American computer scientist (born 1950)

William Henry Carl Ebeling (born January 9, 1950) is an American computer scientist and professor. His recent interests include coarse-grained reconfigurable architectures of integrated circuits.

==Education and career==
He earned his B.S. Degree in physics from Wheaton College in 1971. He earned MS in computer science from Southern Illinois University Carbondale (1976).

Under Bob Sproull, he earned his Ph.D. in computer science from Carnegie-Mellon University (1986). From 1986 to 1988, he was a member of the team which created the chess machine HiTech. HiTech was the highest ranked chess machine for some time in mid-1980s until it was surpassed by Deep Blue. Ebeling wrote All The Right Moves – A VLSI Architecture for Chess, a book published through The MIT Press, in 1987. A review by Don Beal of London University called it "well written and easy to read," and accessible to a wide audience despite the technical subject.

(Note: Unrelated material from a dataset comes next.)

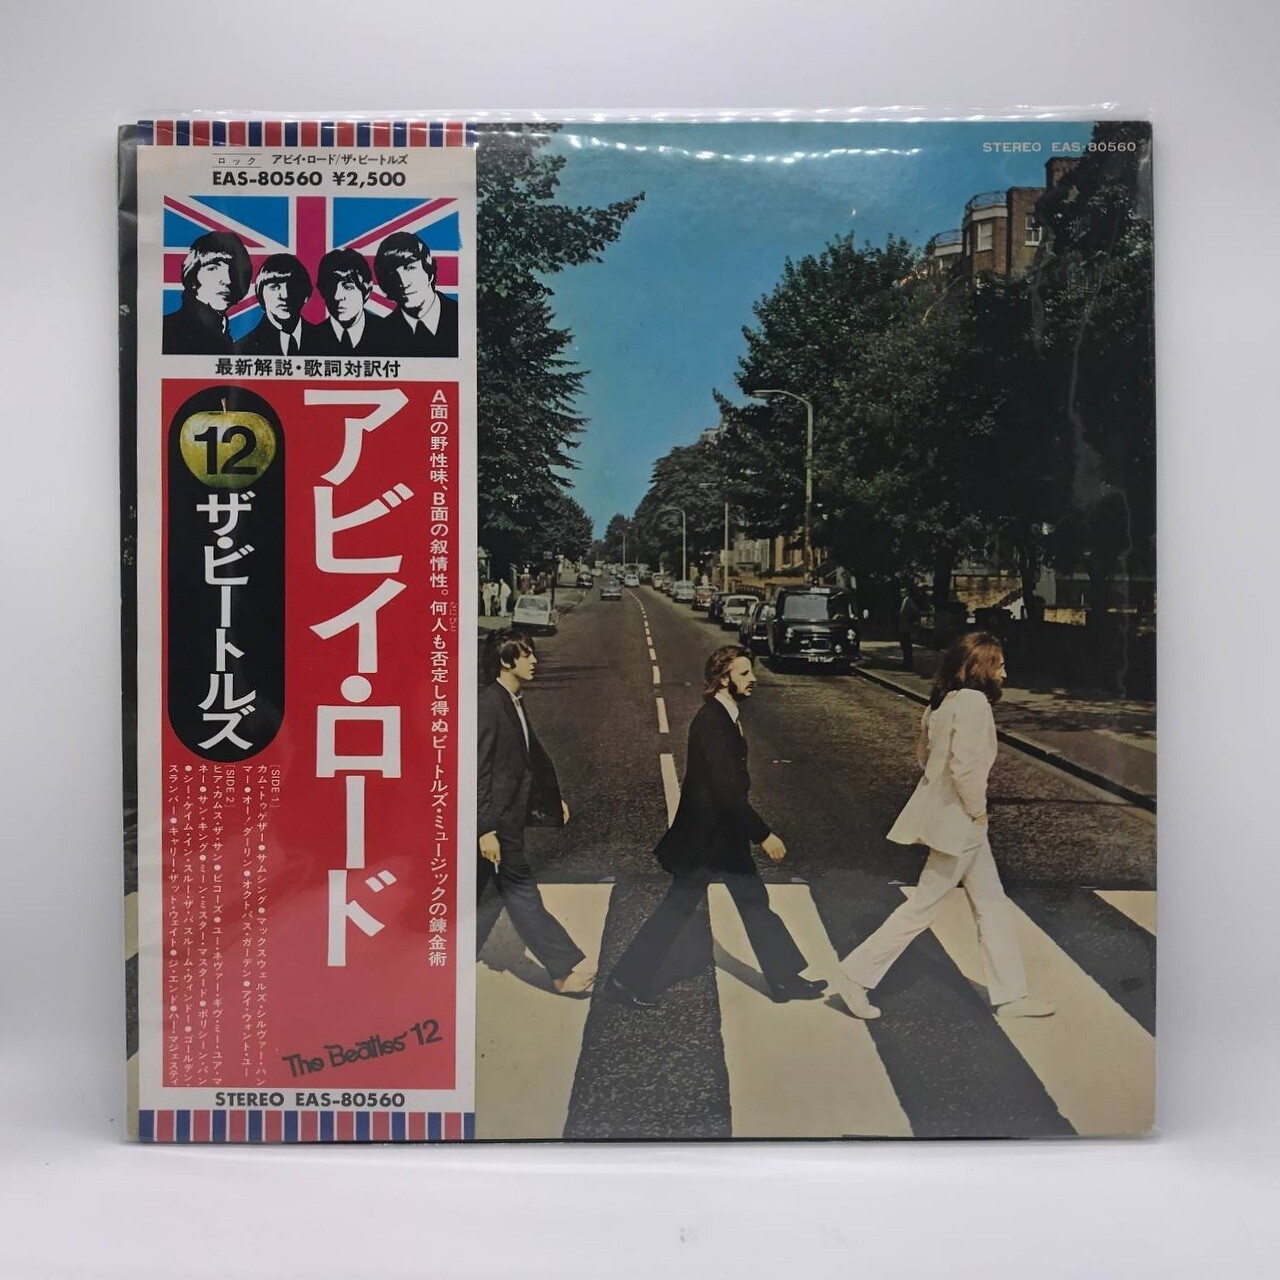 [USED] THE BEATLES -ABBEY ROAD- LP (JAPAN PRESS)

In 1986 he joined the Department of Computer Science & Engineering at University of Washington, becoming a full professor since 1997. He was chairman of the 1997 proceedings of the Association for Computing Machinery, titled the FPGA97: 1997 ACM/SIGDA International Symposium on Field Programmable Gate Arrays when published in February of that year. In 2010, he was in the program committee of the 2010 International Conference on Field Programmable Technology. From 2011 to 2012, he was with the Paul G. Allen School of Computer Science & Engineering. In late 2012, he left his academic position for a position at Altera.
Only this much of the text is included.